**GIVEN MATERIAL:**
Start of Block
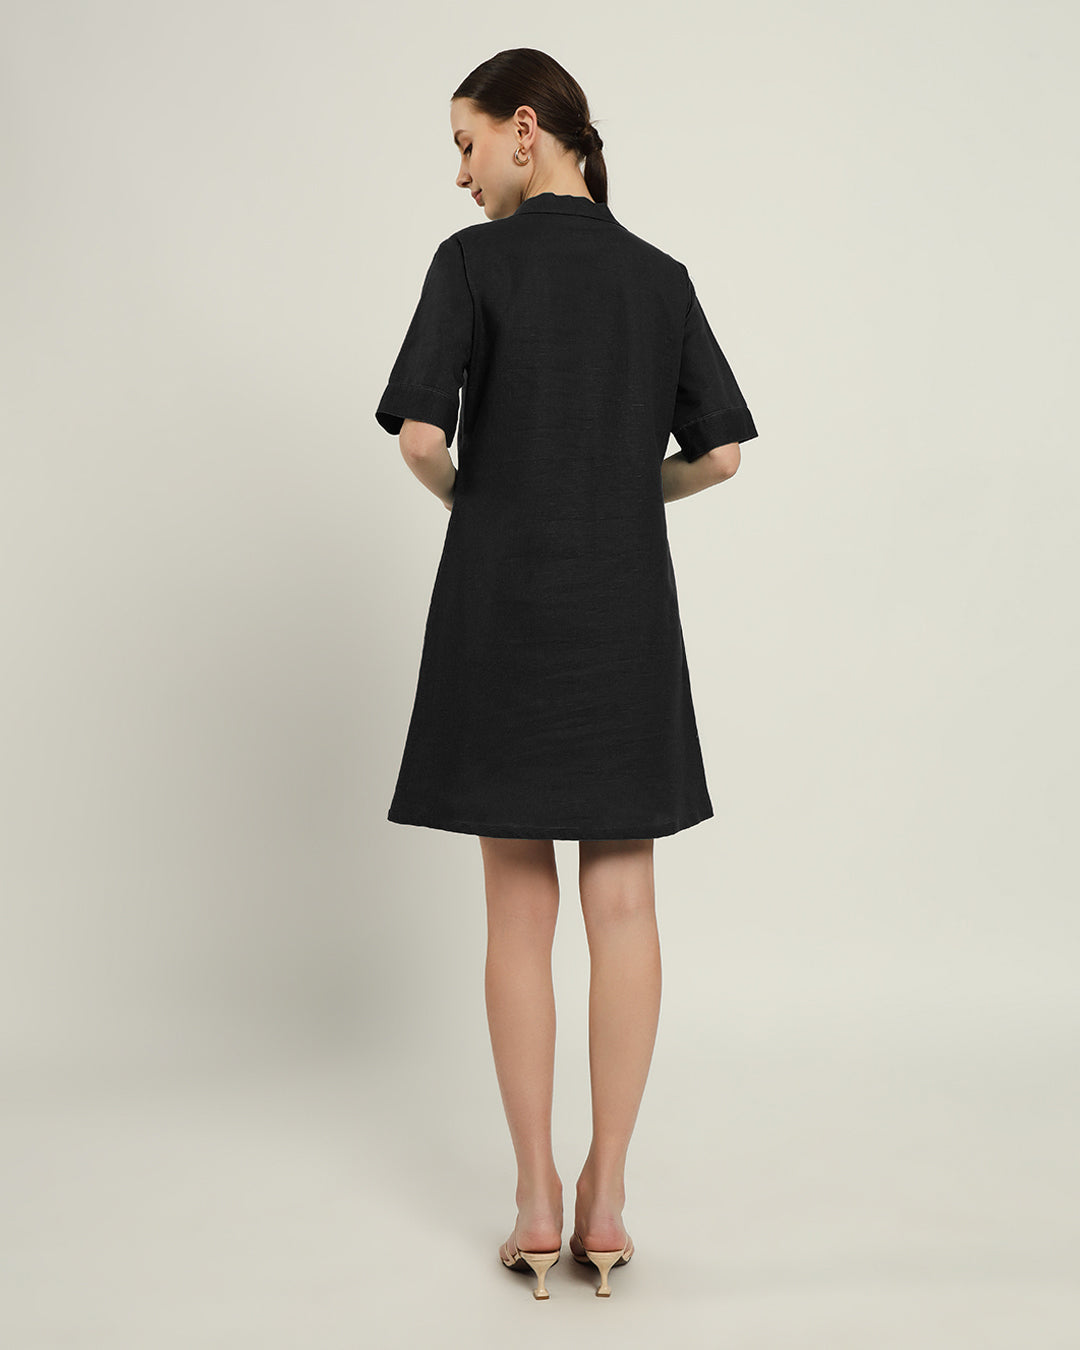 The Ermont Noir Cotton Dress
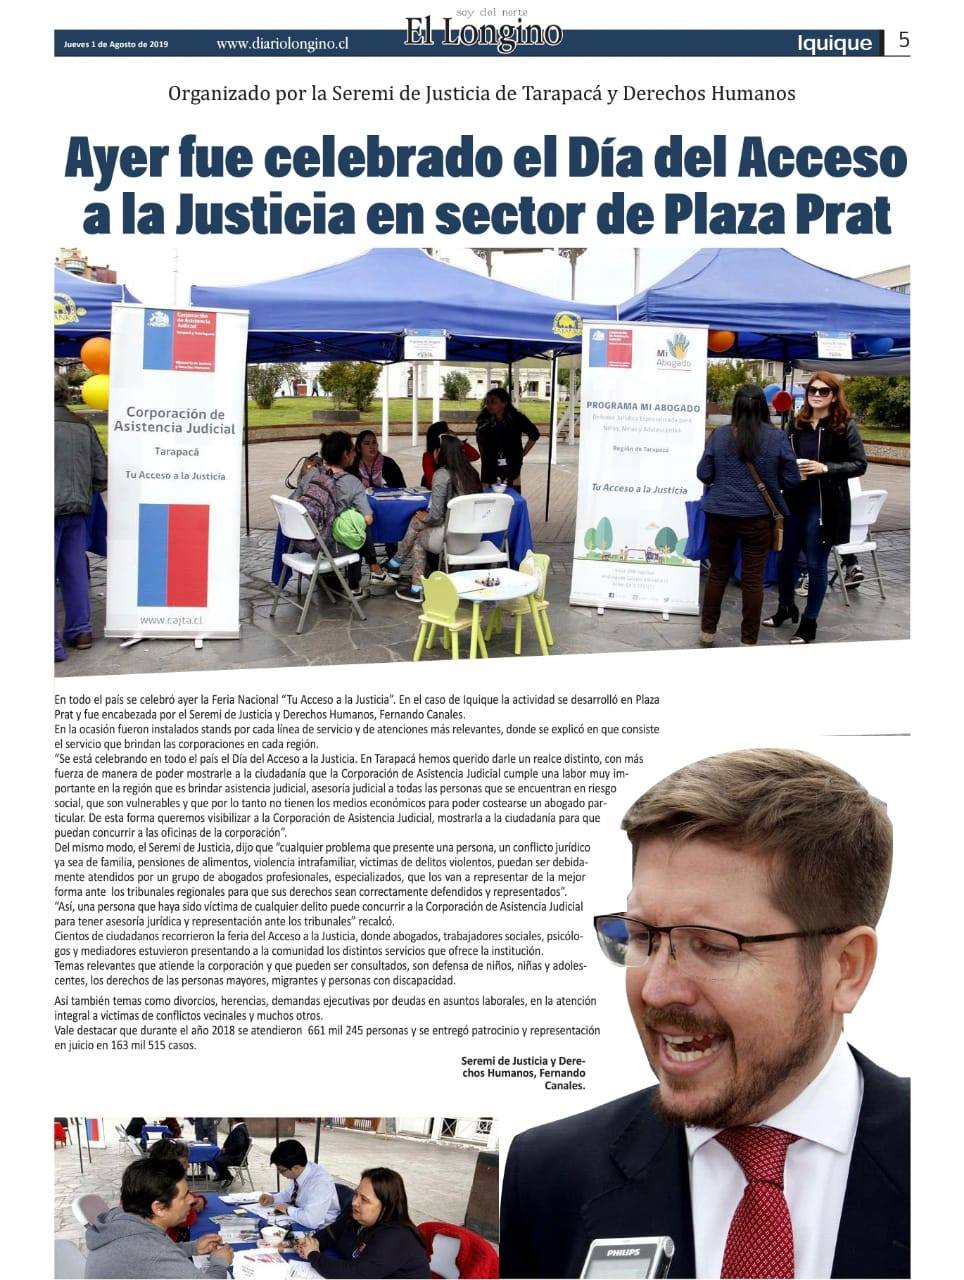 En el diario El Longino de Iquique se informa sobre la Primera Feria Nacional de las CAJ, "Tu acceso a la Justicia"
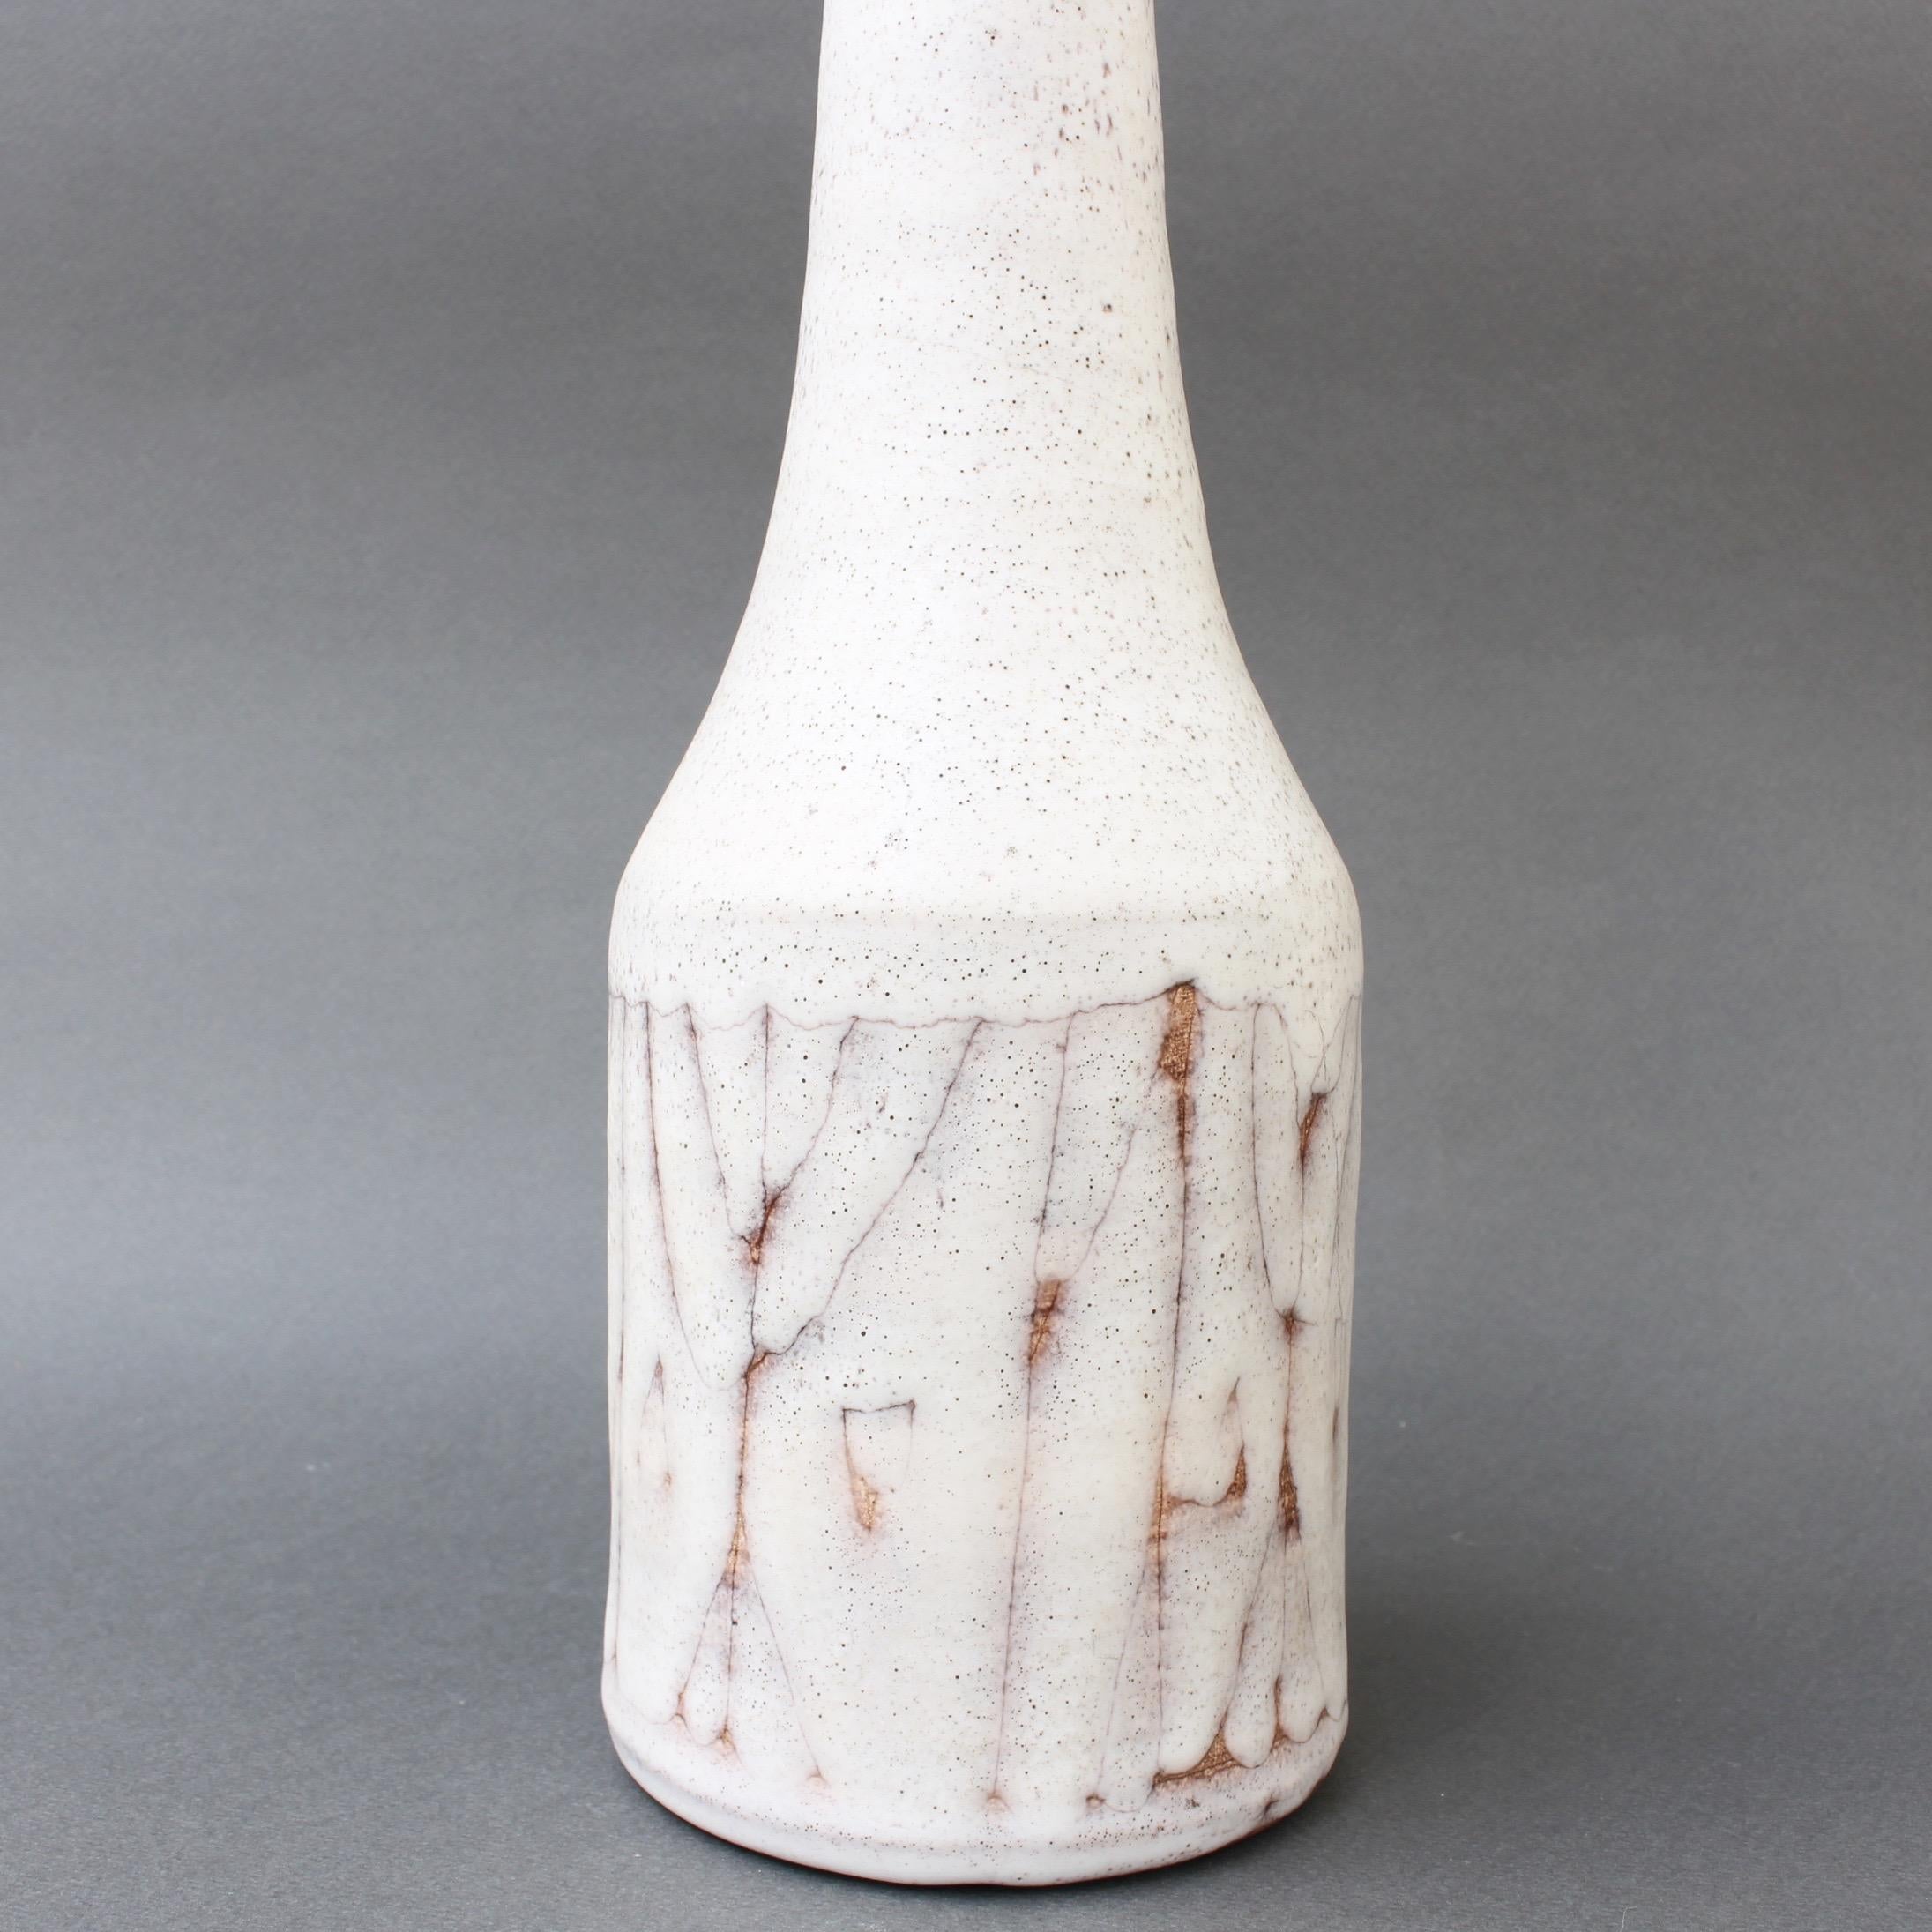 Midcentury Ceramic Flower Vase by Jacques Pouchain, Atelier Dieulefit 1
End of Block
Reprint the listing above exactly, without images.

 The Ermont Noir Cotton Dress
 En el diario El Longino de Iquique se informa sobre la Primera Feria Nacional de las CAJ, "Tu acceso a la Justicia"
 Midcentury Ceramic Flower Vase by Jacques Pouchain, Atelier Dieulefit 1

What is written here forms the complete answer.